Neurochemical substrates for opiate reinforcement.

The studies reported herein summarize our work to date aimed at determining the neurochemical substrates for the reinforcing properties of opiates. Rats were trained to self-administer heroin intravenously in daily 3-hour sessions, and pharmacological blockade and neurotoxin-induced lesions were used to define the neurochemical substrates for this reinforcing action. Low-dose DA receptor blockade failed to alter heroin self-administration but significantly increased cocaine self-administration, presumably reflecting a decrease in the reinforcing effectiveness of cocaine. Destruction of presynaptic DA terminals within the N.Acc. produced extinction of cocaine, but not heroin, self-administration.
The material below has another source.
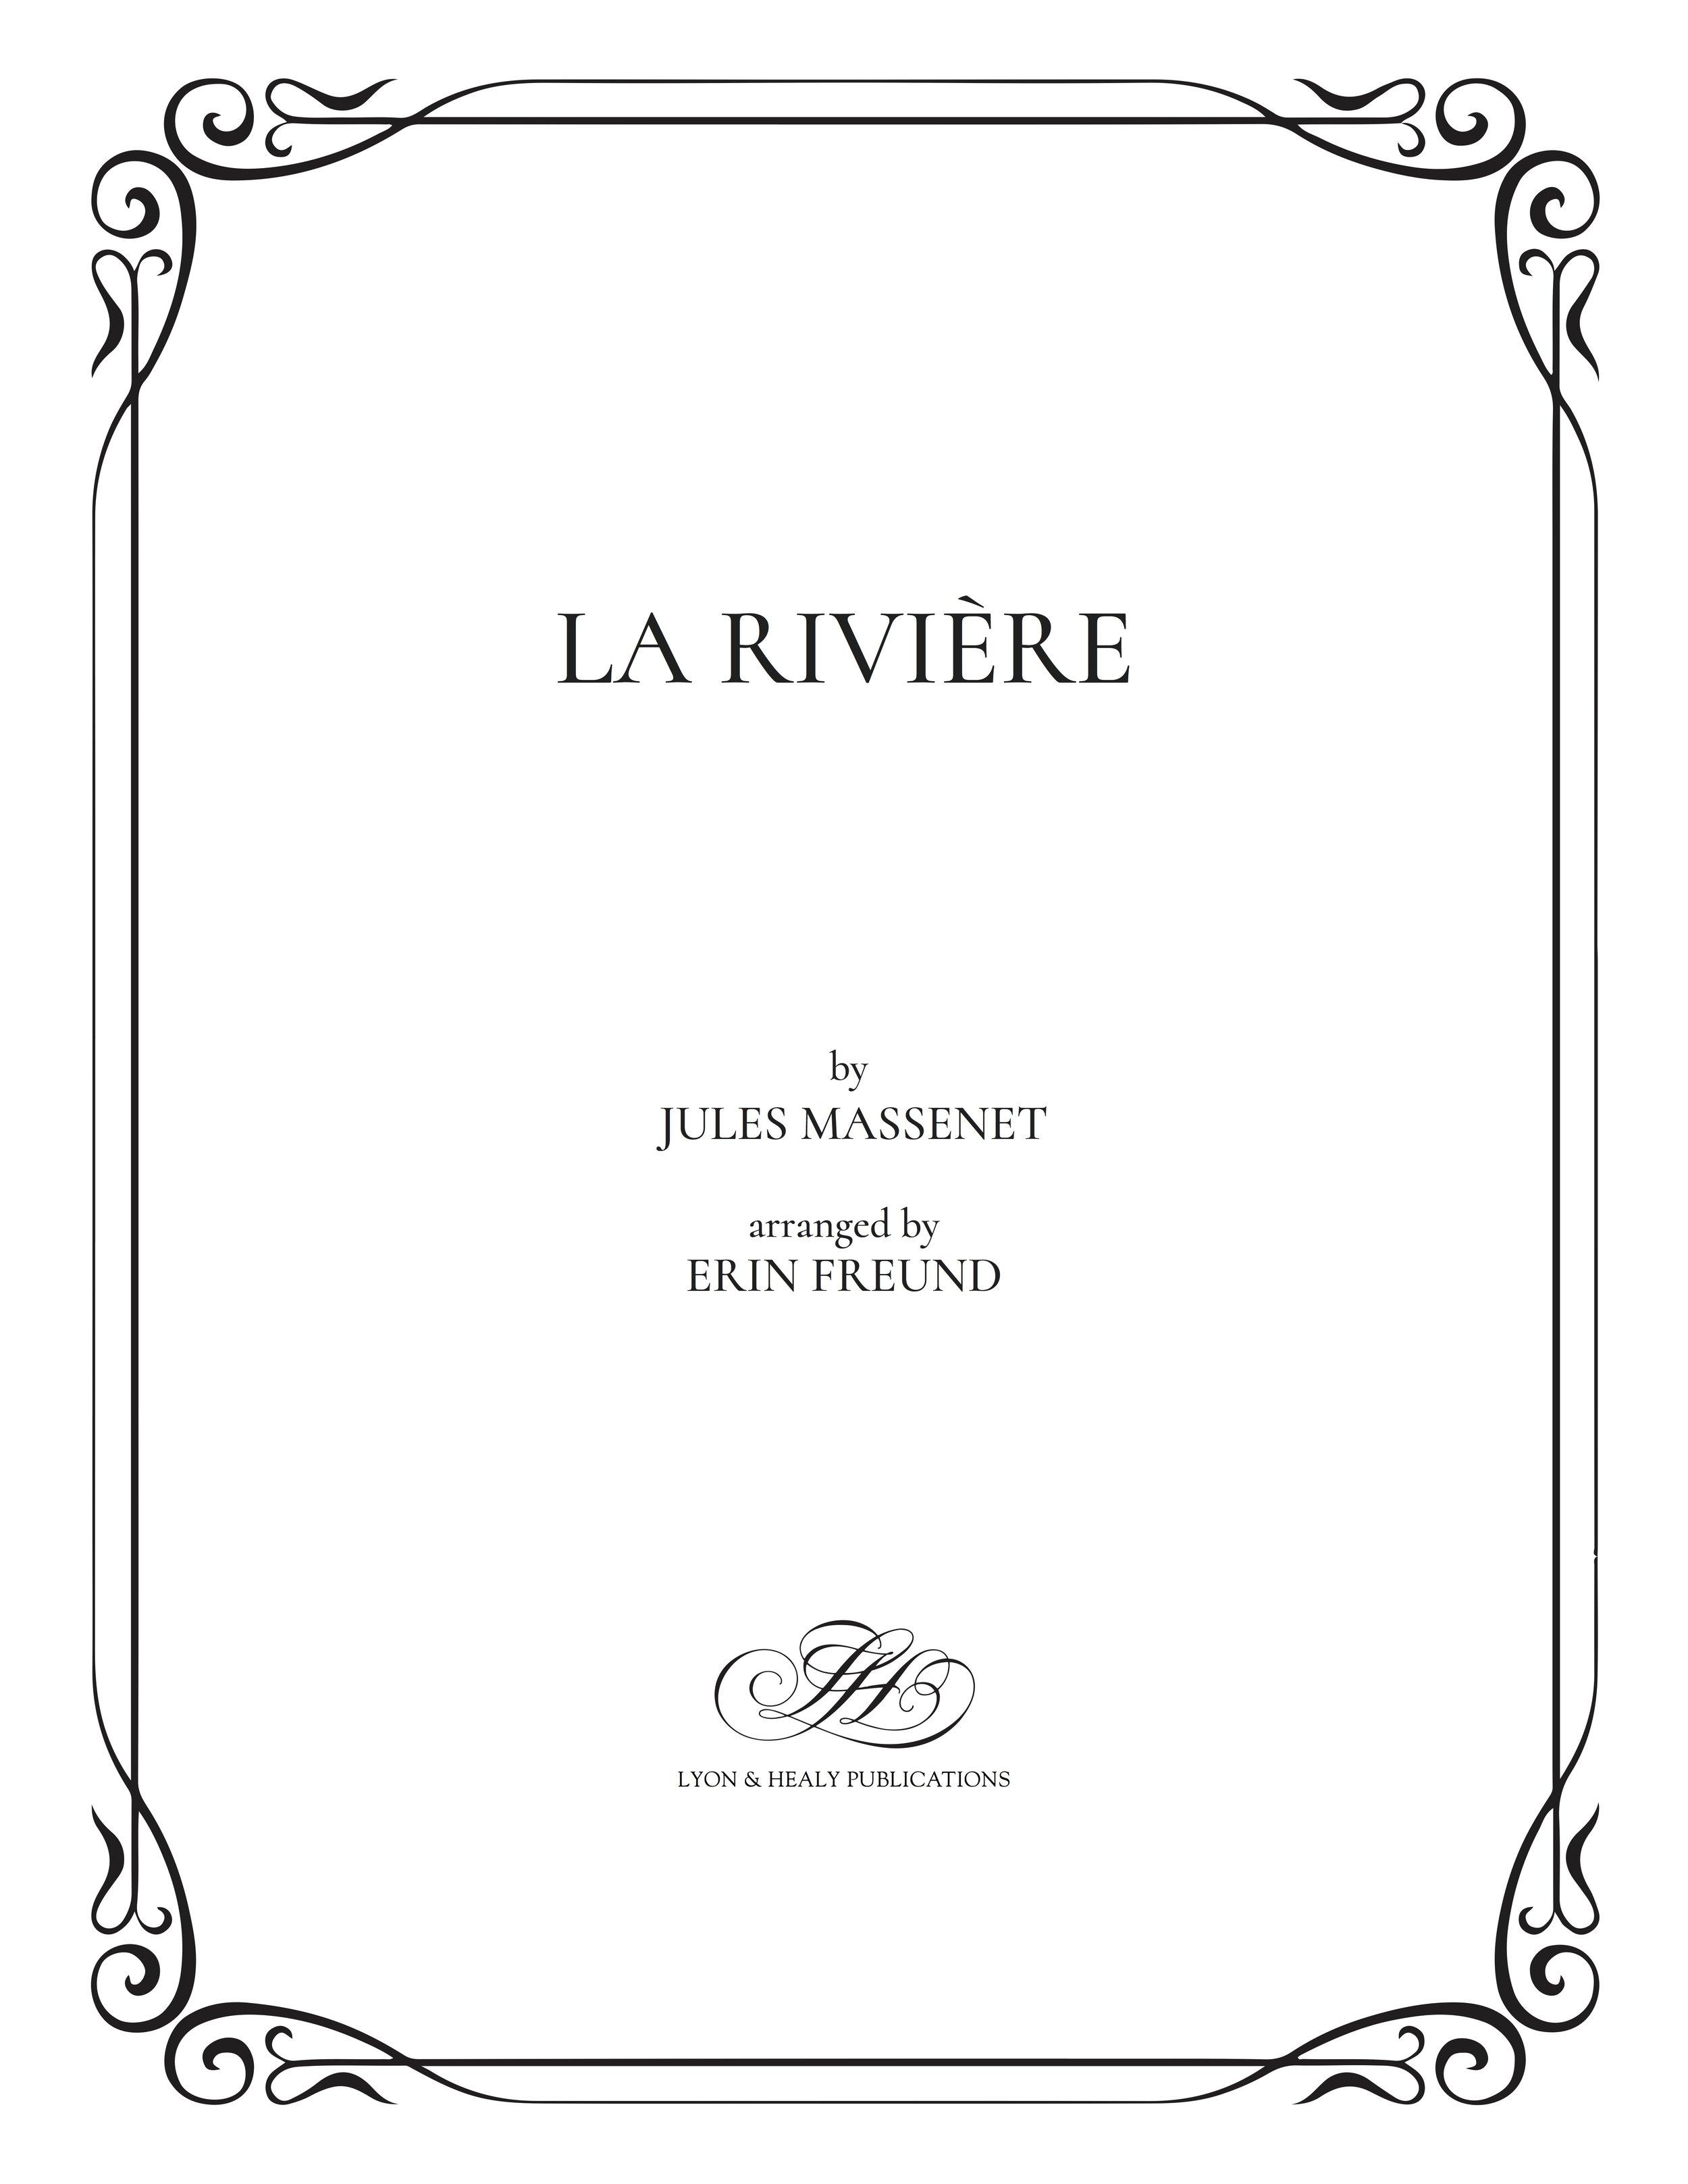 La rivière - Massenet-Freund cover.jpg
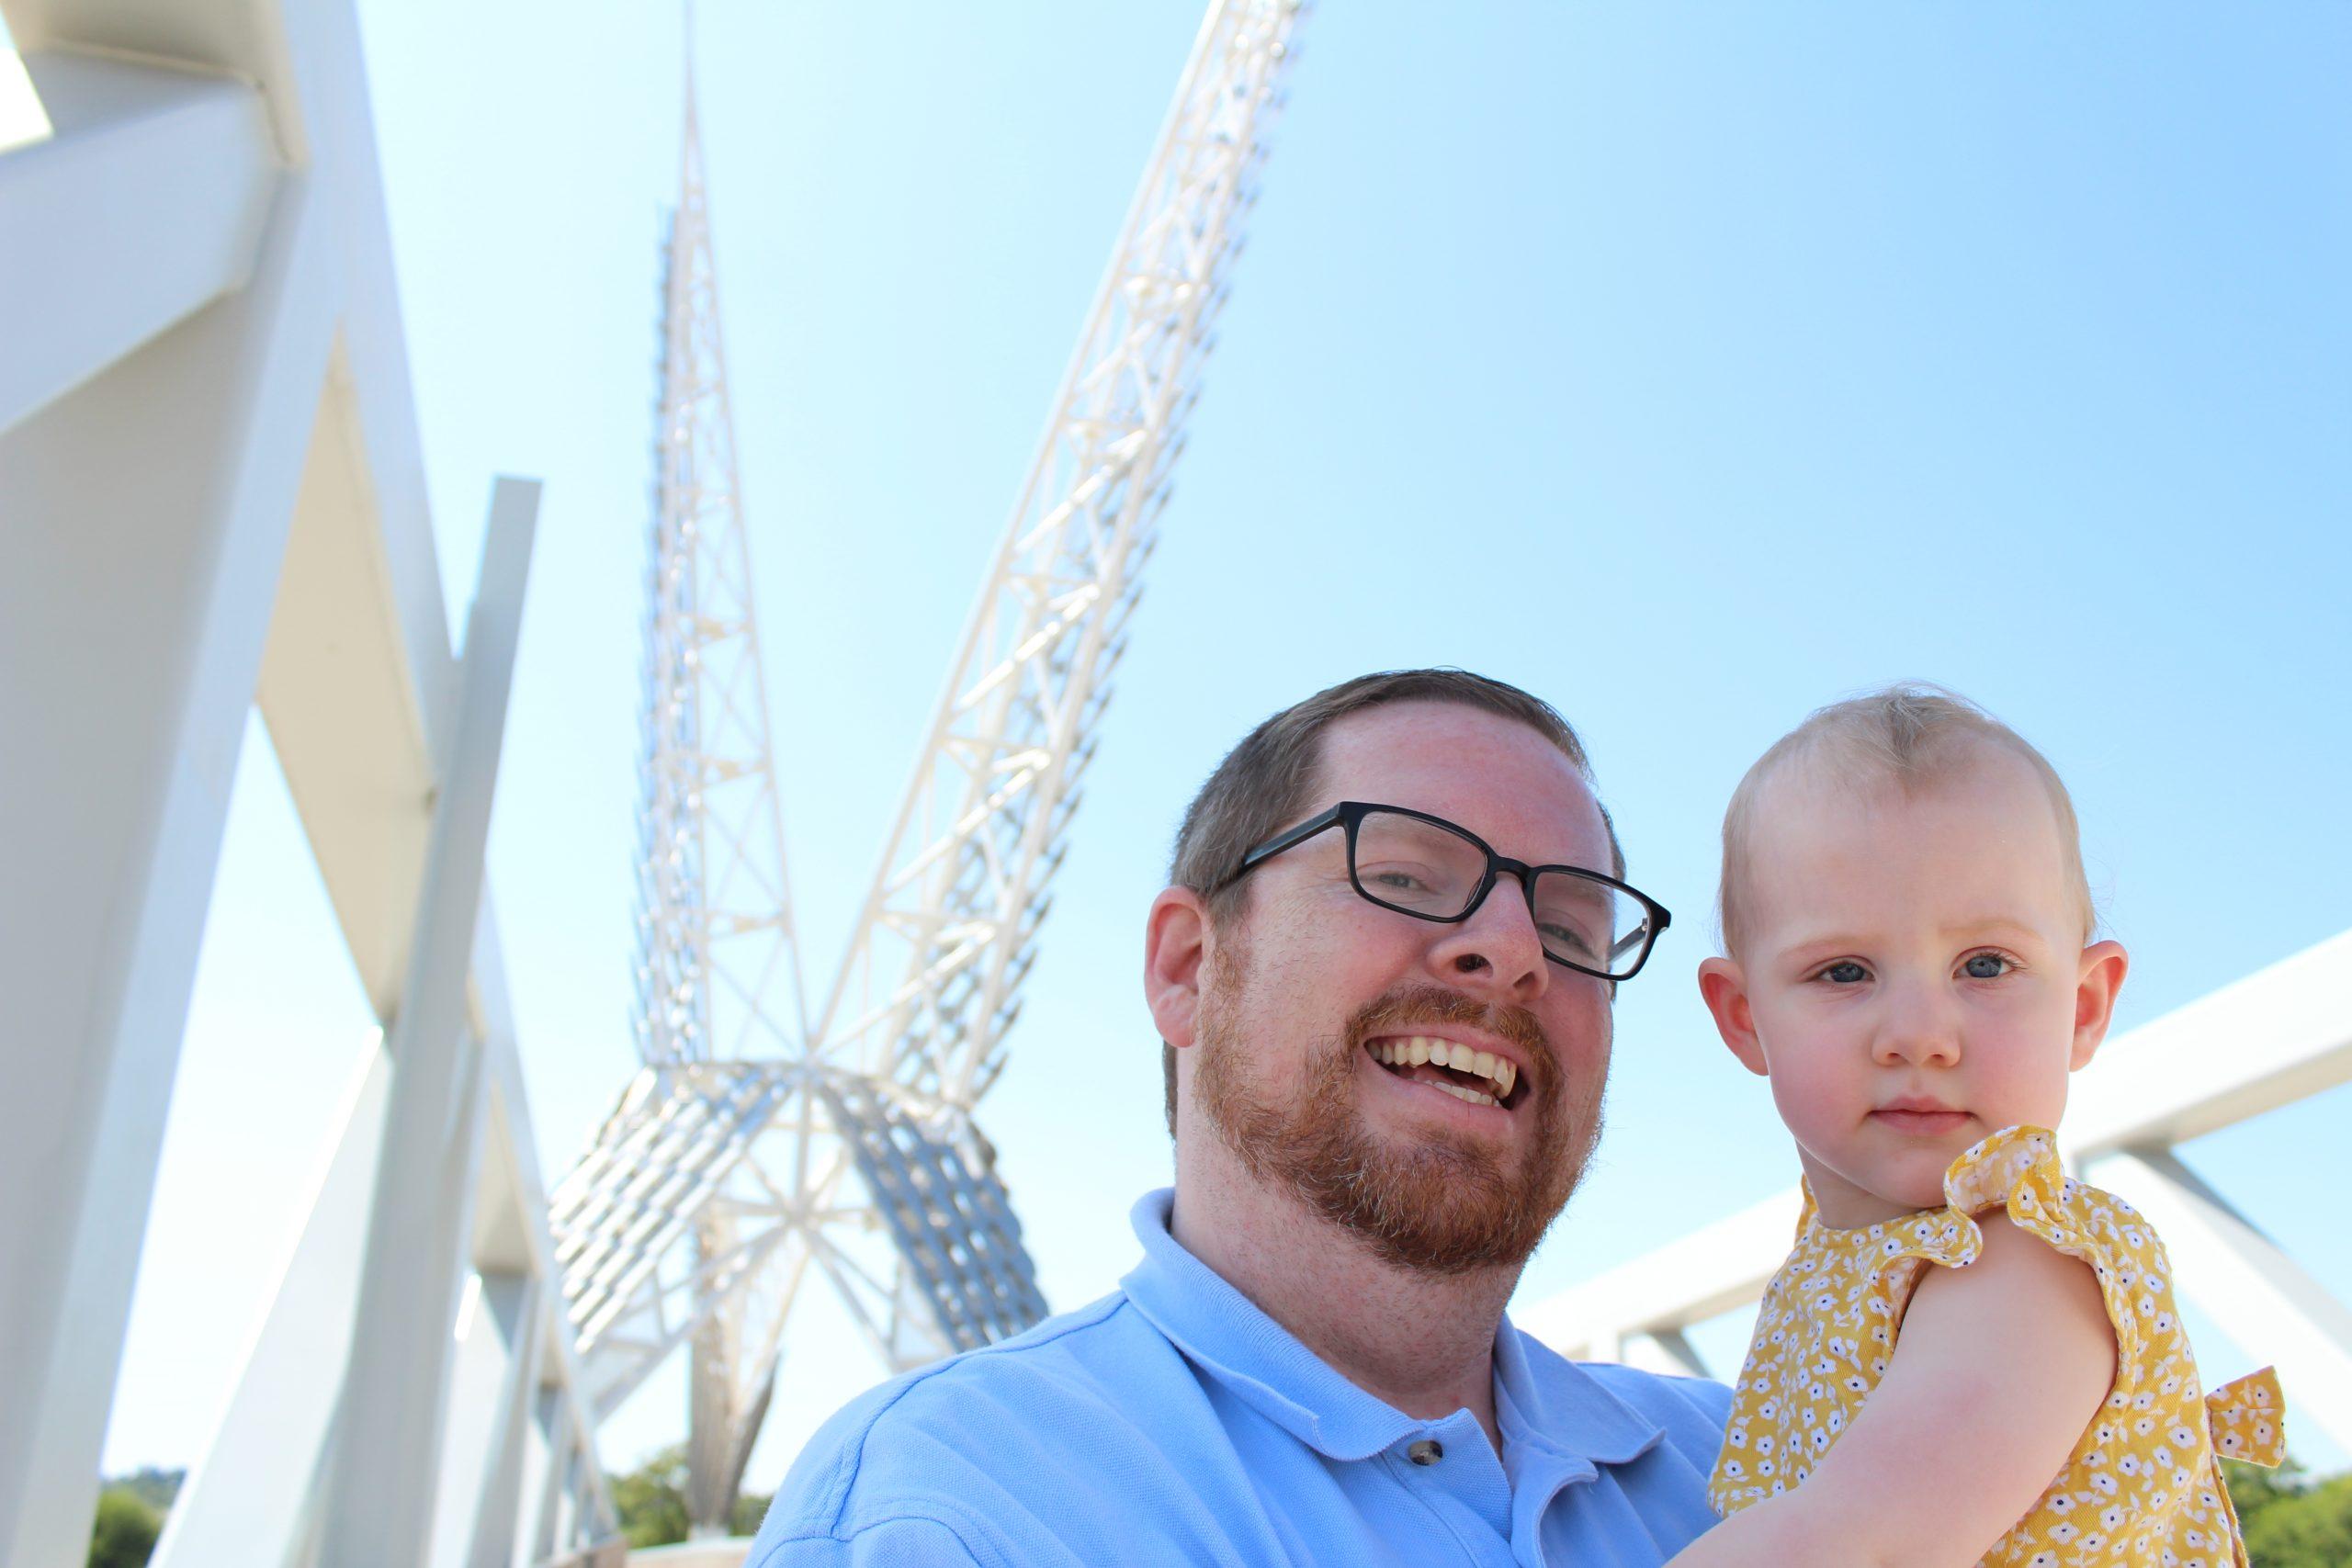 Best Family Photo Locations Around OKC - Skydance Bridge

Opiate receptor blockade with systemic naloxone increased heroin, but not cocaine, self-administration. Methylnaloxonium injections into the N.Acc. were effective in increasing heroin self-administration at doses one-eighth those observed for intracerebroventricular injections. Reinforcement has been explored using a place-preference procedure and a self-administration drug-substitution paradigm. Mu/delta agonists such as B-END readily produce a naloxone-reversible place preference. Fentanyl derivatives also produce place preference and substitute for heroin during self-administration. The kappa agonist U50-488 produces place aversion, not place preference, and does not readily substitute for heroin. Altogether, these results suggest that mu/delta receptor subtypes in the region of the N.Acc. may be an important neurochemical substrate for opiate reinforcement.